[Date Prev][Date Next][Thread Prev][Thread Next][Date Index][Thread Index]
bug#24615: [PATCH] sed: handle the patterns which consist of ^ or $ manu
From: |
Norihiro Tanaka |
Subject: |
bug#24615: [PATCH] sed: handle the patterns which consist of ^ or $ manually |
Date: |
Fri, 07 Oct 2016 00:06:23 +0900 |
Hi assaf,
Thanks for reviewing.
On Wed, 5 Oct 2016 00:46:44 -0400
Assaf Gordon <address@hidden> wrote:
>
> 1.
> In the patch, I'd recommend using the global/extern variable
> 'buffer_delimiter' instead of hard-coded '\n' - to seamlessly handle "sed -z"

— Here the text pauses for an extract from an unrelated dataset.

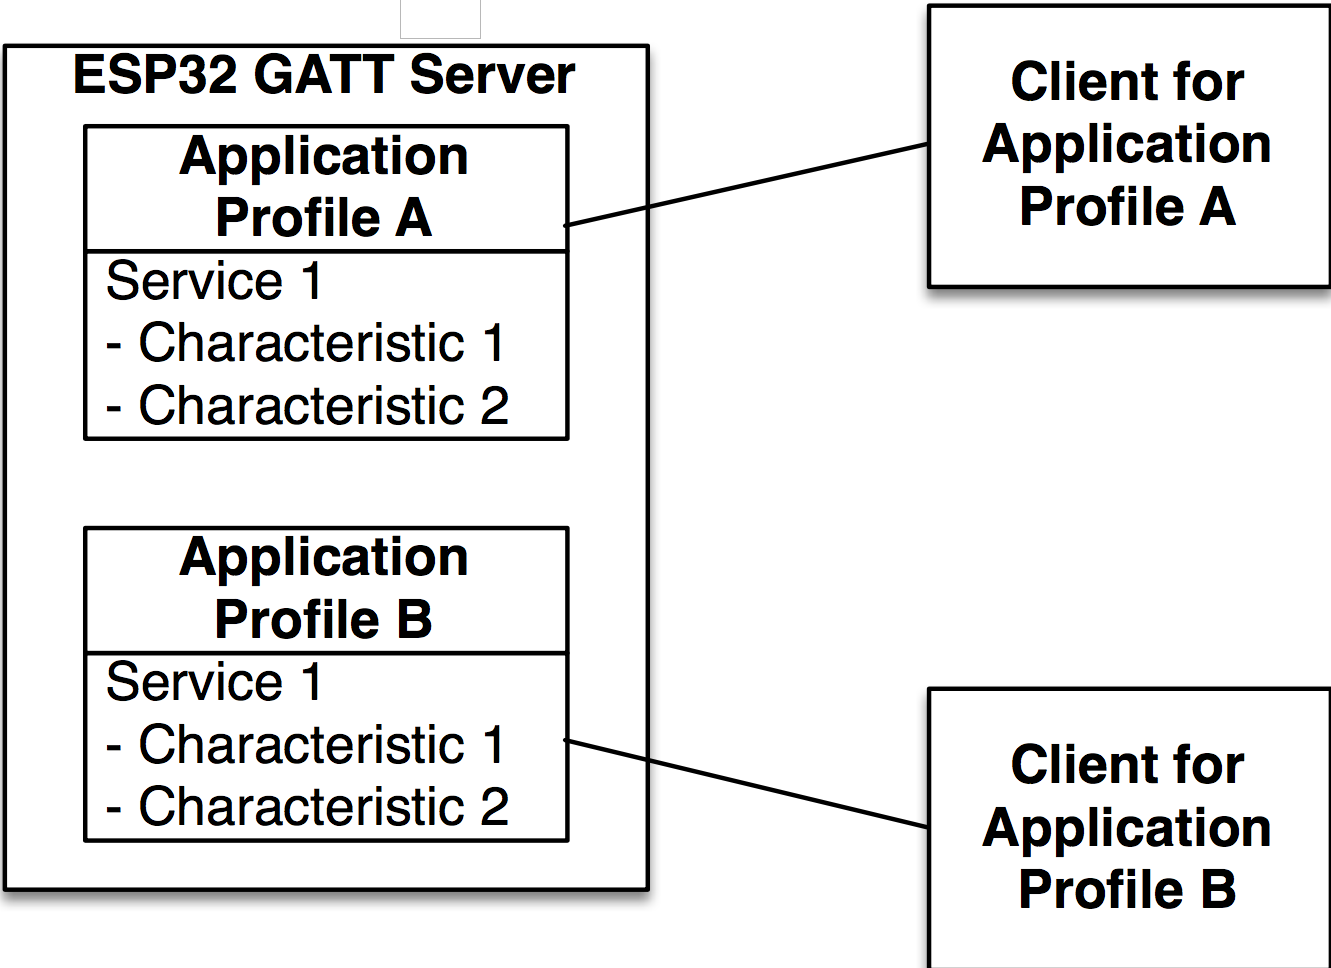 GATT_Server_Figure_1.png

> for NUL-terminated lines.
> 2.
> While trying your patch, I think I uncovered a sed bug (not in your code):
> It seems 's///m' do not work with "-z".
>
> Compare, correct behavior, anchors match before/after every newline (in a
> pattern with multiple newlines):
>
> $ printf "a\nb\nc\n" | sed 'N;N;s/^/X/mg;s/$/Y/mg'
> XaY
> XbY
> XcY
>
> versus failure to detect NUL as line terminators:
>
> $ printf "a\0b\0c\0" | sed -z 'N;N;s/^/X/mg;s/$/Y/mg' | od -An -a
> X a nul b nul c Y nul
>
> Again, this is not a bug in your code, it was in sed before
> (even before the new DFA regex engine).
> I haven't pinpointed yet where does it originate from.
I also recognized your second point, I looked at your first point.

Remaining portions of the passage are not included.